In UK confederate statues are sought to be pulled down ~ one of Robert Clive too !!


Another One on History ~ with the same Q – should History be rewritten or at least the Education syllabus be modified to correctly portray our National heroes rather than simply studying the Delhi sultanate and the British colonialism.    There is no doubt that most history across the world has been written with a strong bias towards the victor and those in power.  The life history of many Indians who sacrificed themselves in freedom movement too has been forgotten and finds no place in our history, yet we took pride in memorizing the name of Lord Curzon, Wellesley, Dalhousie, Minto-Morley reforms – History !! – and we read about a lot about this glorified clerk of British East India Company.

A Grade II-listed bronze statue of the erstwhile clerk, stands in King Charles Street, Whitehall, London.  The work was unveiled in 1912 outside Gwydyr House, also in Whitehall, and was moved to its current location in 1916, and now figures prominently in those sought to be removed in UK.  Other than his Surname, place of birth, years of birth and death  (1725–1774)-  three sides have bronze reliefs depicting events in his life: the Siege of Arcot in 1751, the eve of the Battle of Plassey in 1757 and the Treaty of Allahabad in 1765.  Easily identifiable by any of those who studied History in school!

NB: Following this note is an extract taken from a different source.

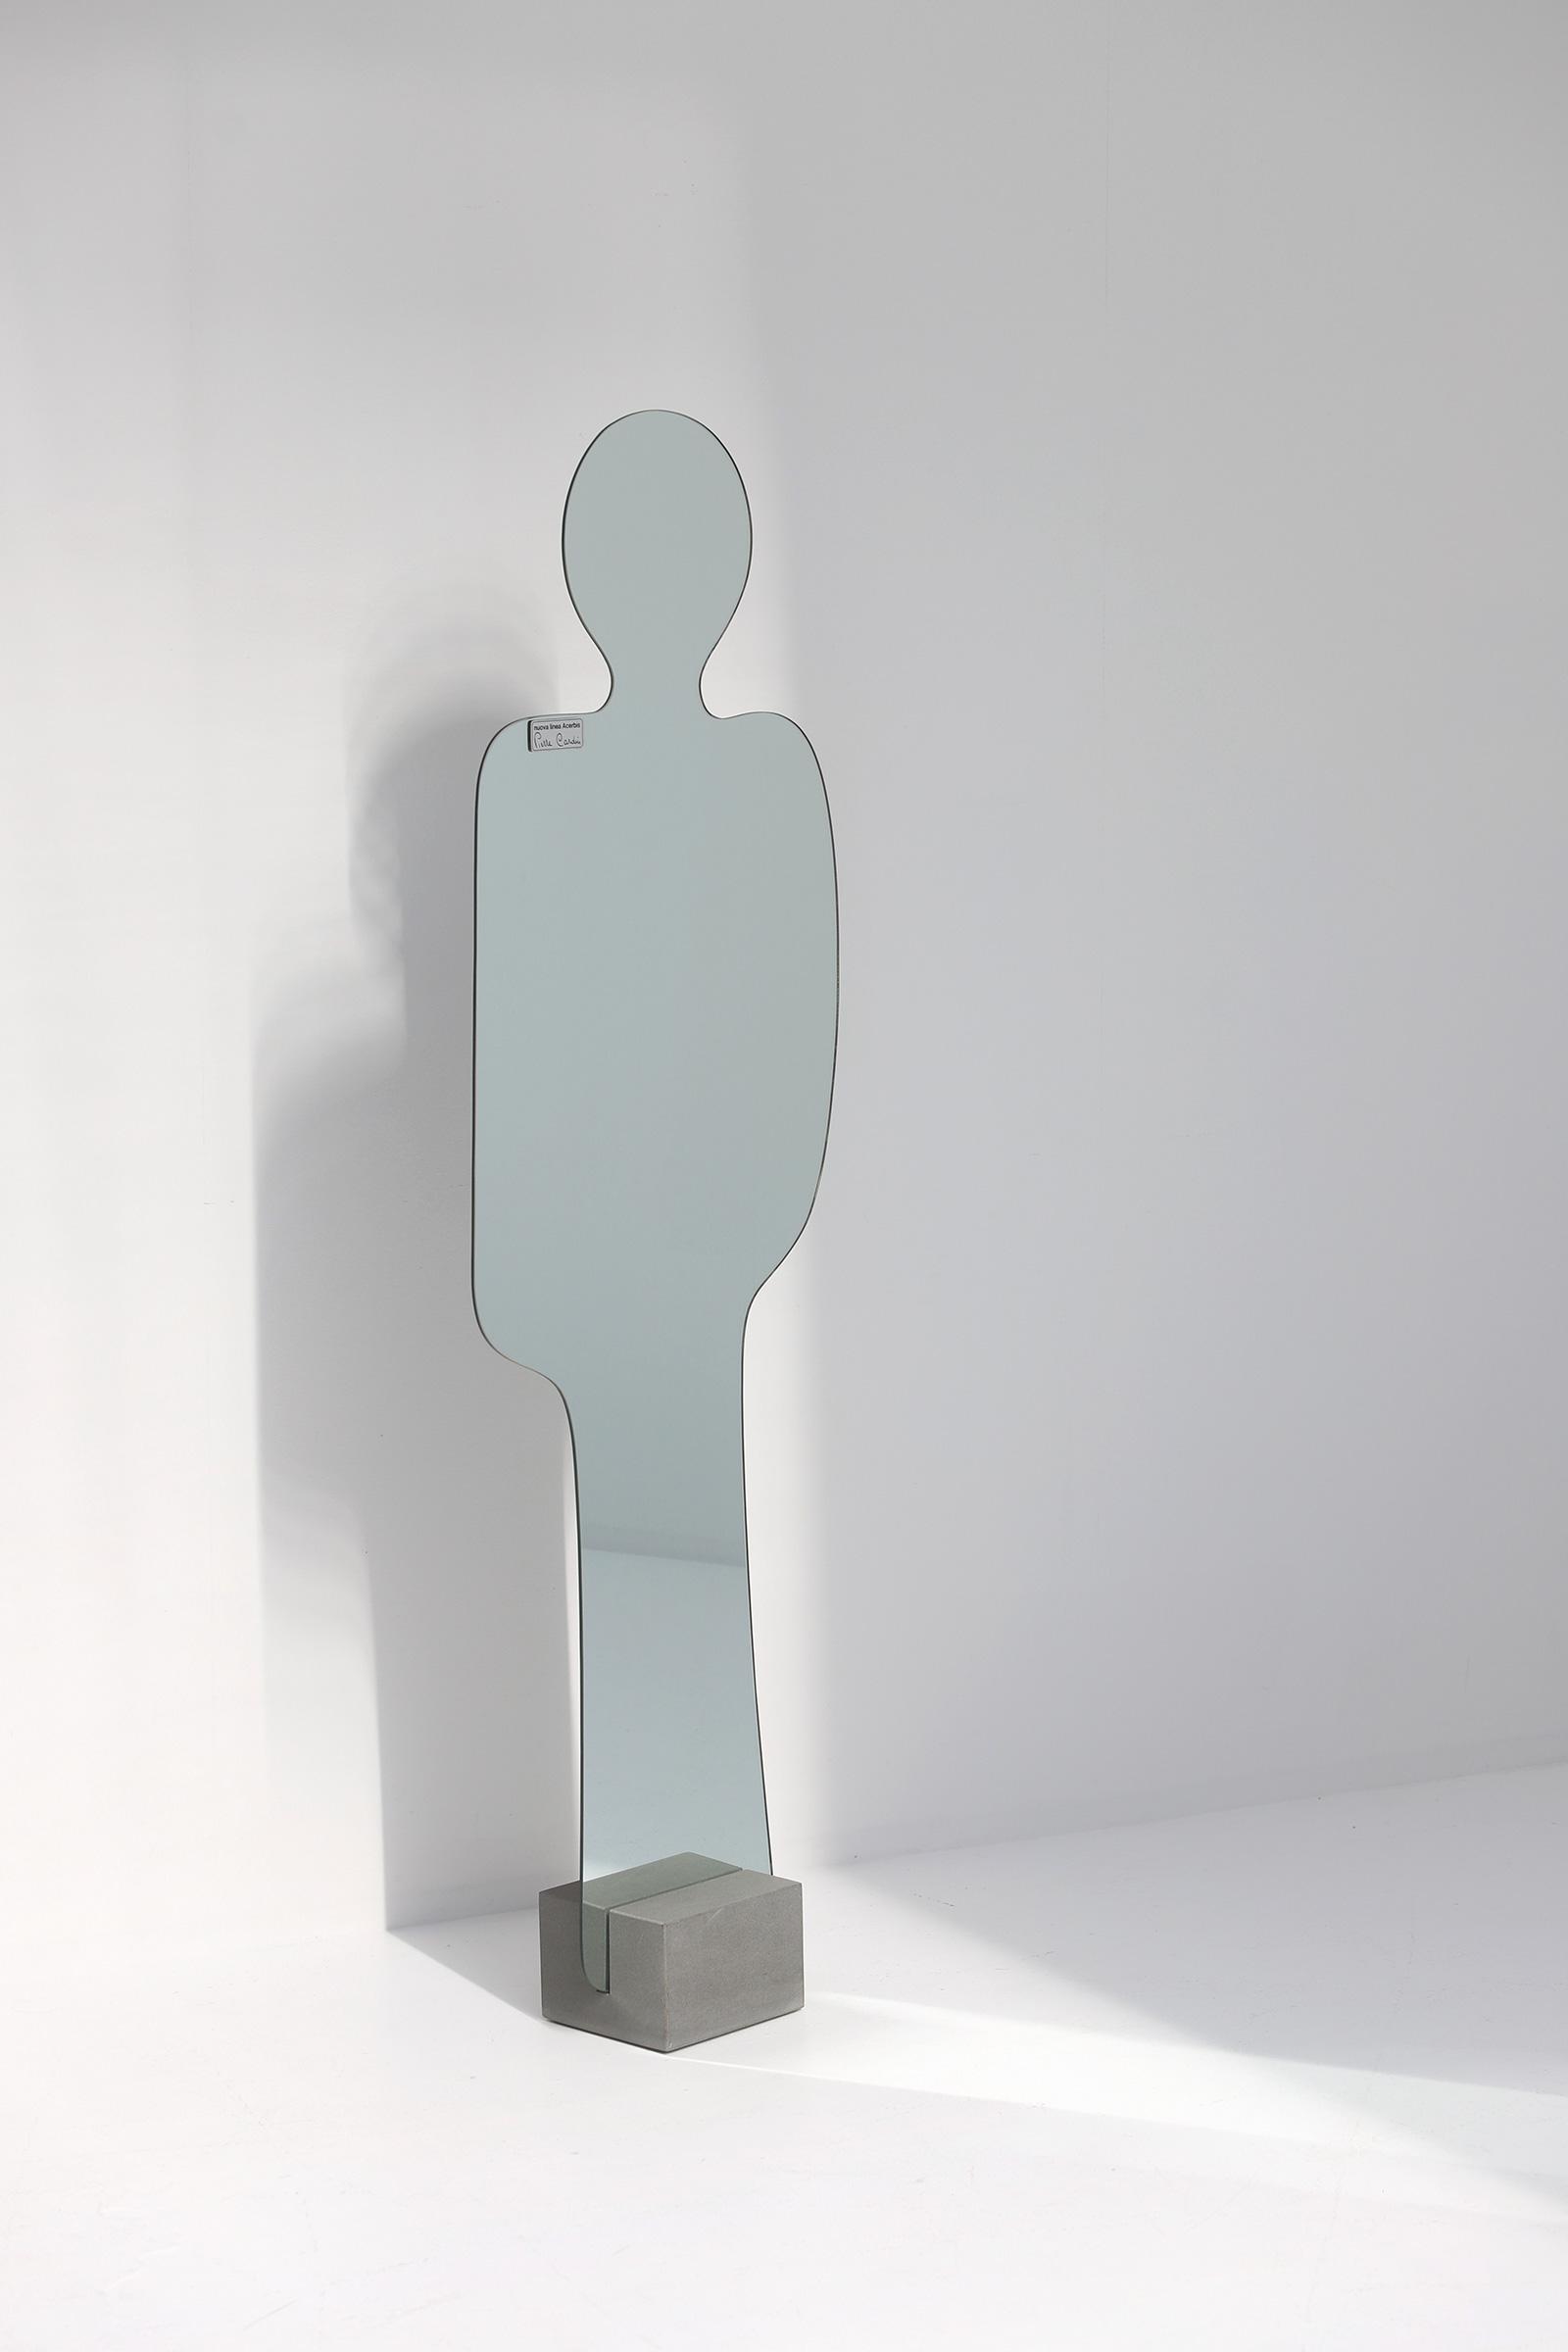 Pierre Cardin Silhouette shaped mirrorimage 2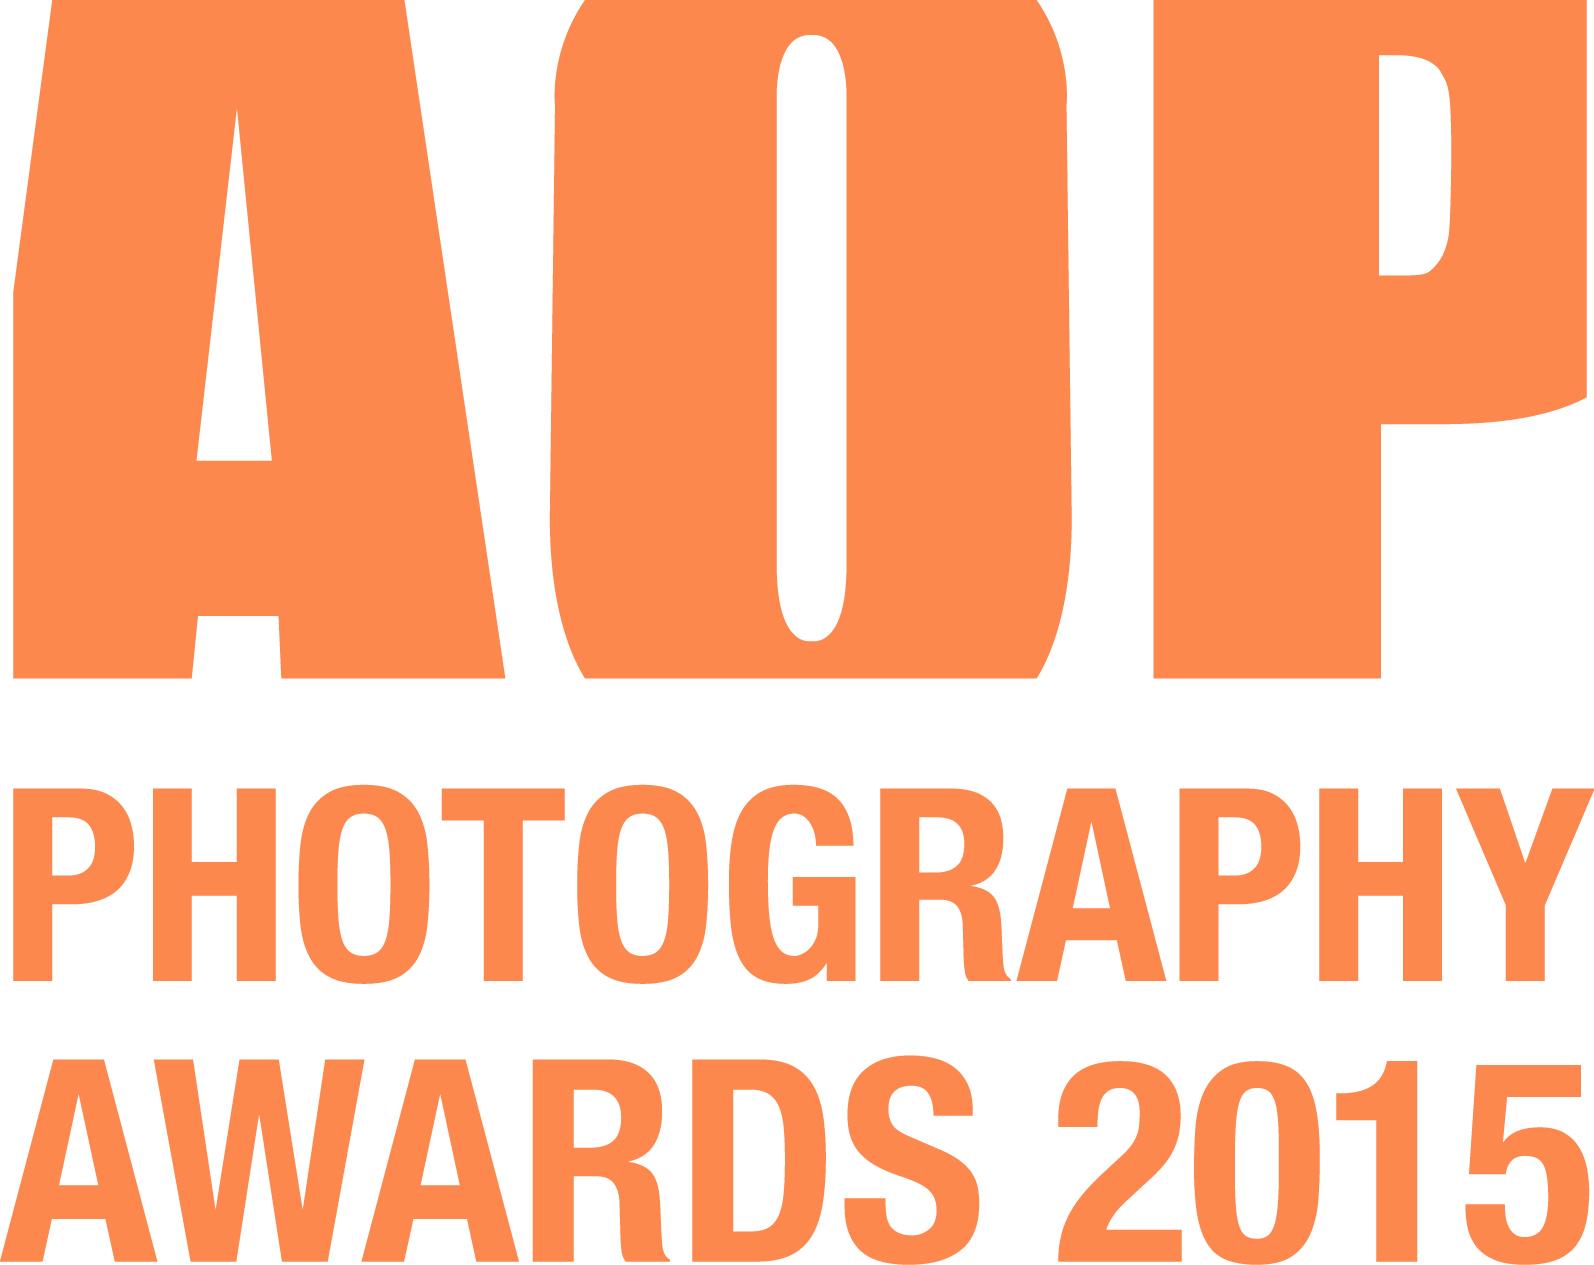 AOP photography Award 2015 Orange PC

In early 1900s  Lord Curzon, a Conservative politician and the former Viceroy of India was partly instrumental in creating a fund and a committee ;  Curzon's proposal did not meet the favour of his successor as Viceroy, Lord Minto, who considered it "needlessly provocative".  John Tweed was commissioned to start work on the London statue and exhibited a sketch model at the Royal Academy in 1910.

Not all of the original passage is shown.